Step 2: Registering Your Custom Step

Next, you need to register your custom evaluation step with FreeEval so that it can be referenced in configuration files. Add your step to the freeeval/steps/__init__.py file:

from freeeval.steps.simple_multiple_choice import SimpleMCPStep
from freeeval.steps.cloze_prompt import ClozePromptStep
# Import other built-in steps...

# Import your custom step
from freeeval.steps.custom_evaluator import PrimeNumberIdentificationStep

# Update the type-to-step mapping
TYPE_TO_STEP = {
    "simple_multiple_choice": SimpleMCPStep,
    "cloze_prompt": ClozePromptStep,
    # Other built-in steps...

    # Register your custom step
    "prime_number_identification": PrimeNumberIdentificationStep,
}

Step 3: Creating a Dataset

Your custom evaluator needs a dataset to work with. You can either:

Use an existing dataset and adapt it for your needs
Create a custom dataset specifically for your evaluator

For our prime number identification example, let’s create a simple dataset class in freeeval/datasets/prime_dataset.py:

from typing import Dict, Any, List
from freeeval.data.dataset import BaseDataset, DatasetKwargs
import random

class PrimeDatasetKwargs(DatasetKwargs):
    """Arguments for the Prime Number dataset."""
    min_number: int = 1
    max_number: int = 1000
    num_examples: int = 100
    seed: int = 42

class PrimeDataset(BaseDataset):
    """Dataset for prime number identification."""
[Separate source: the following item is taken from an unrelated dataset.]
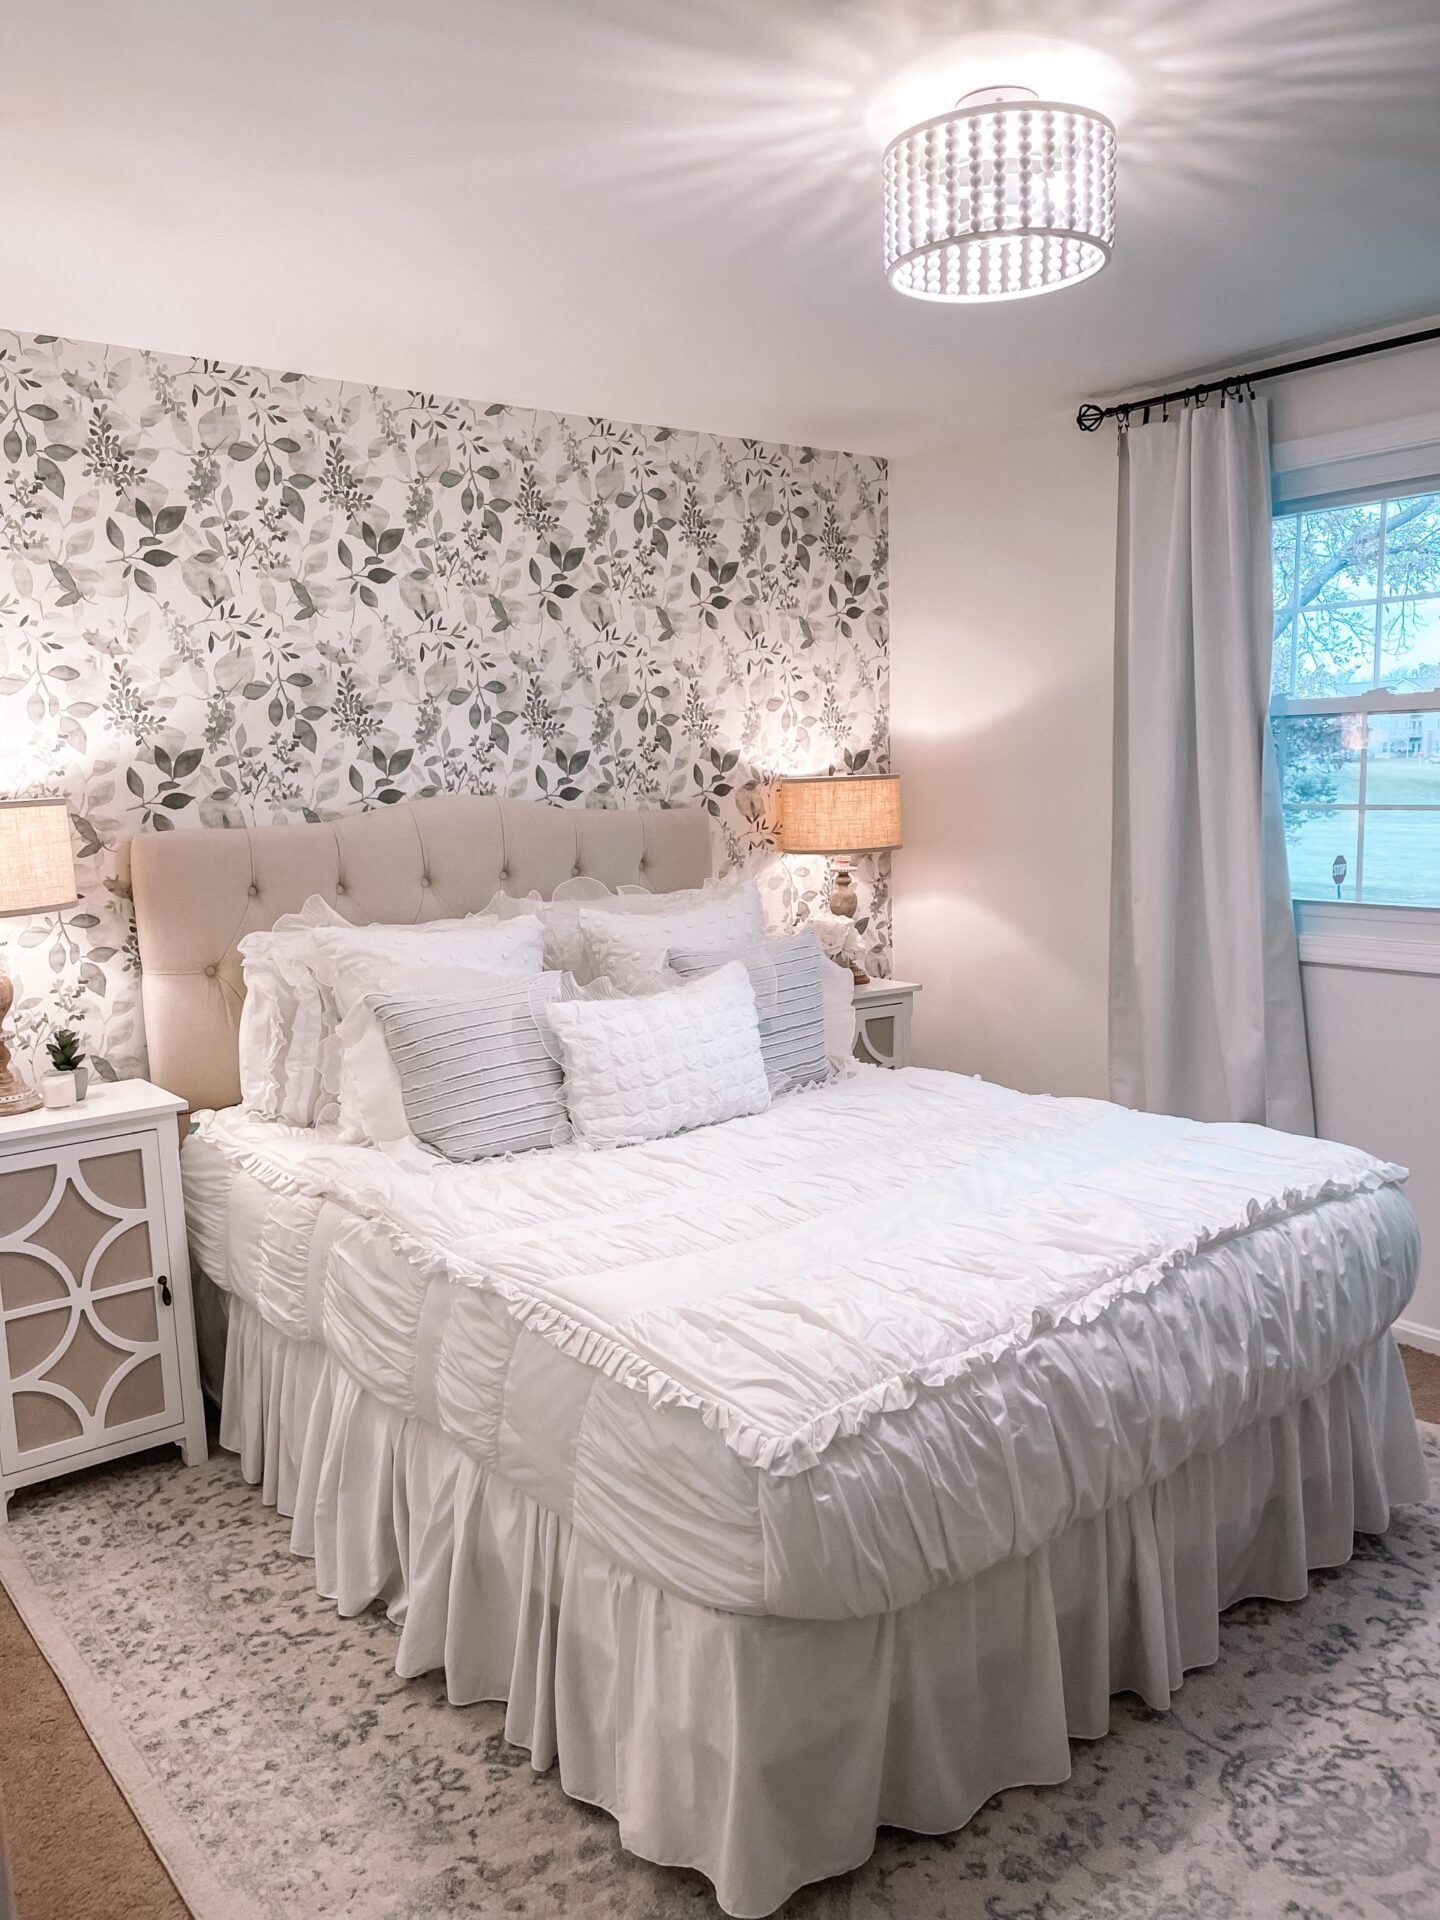 zip bedding from Beddy's for guest bedroom makeover on a budget by lifestyle blogger Angela Lanter. Beddy's Charlotte Luxe zipper bedding set.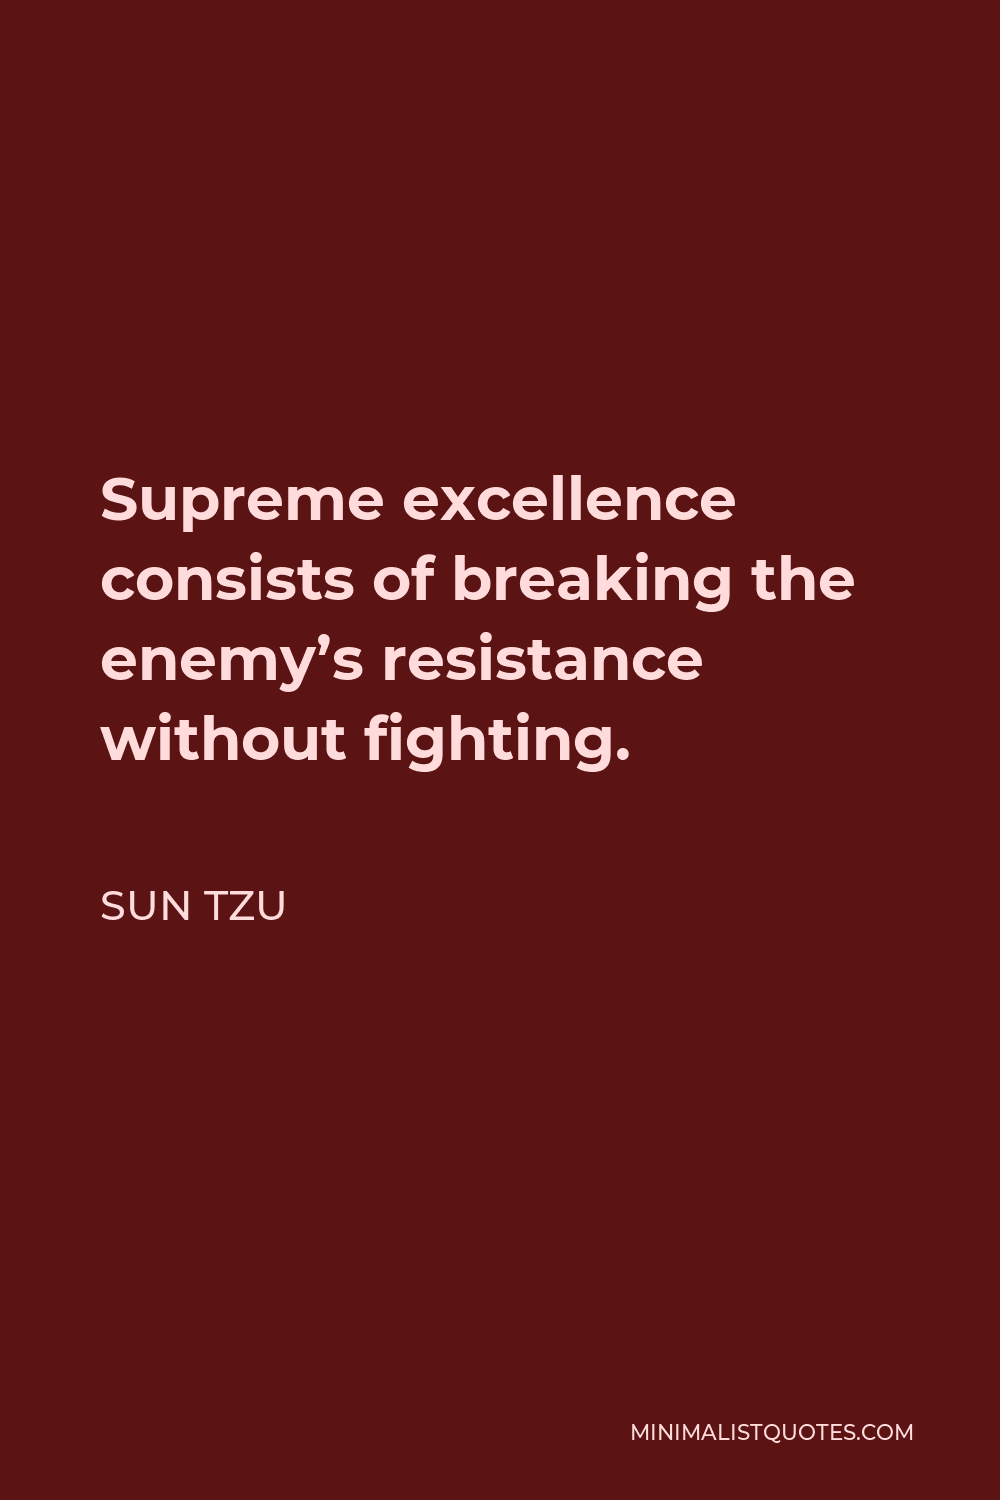 Sun Tzu Quote - Supreme excellence consists of breaking the enemy’s resistance without fighting.

    def __init__(self, kwargs: PrimeDatasetKwargs):
        """Initialize the Prime Number dataset."""
        super().__init__(kwargs)
        self.min = kwargs.min_number
        self.max = kwargs.max_number
        self.num_examples = kwargs.num_examples

        # Set random seed for reproducibility
        random.seed(kwargs.seed)

        # Generate the dataset
        self.data = self._generate_dataset()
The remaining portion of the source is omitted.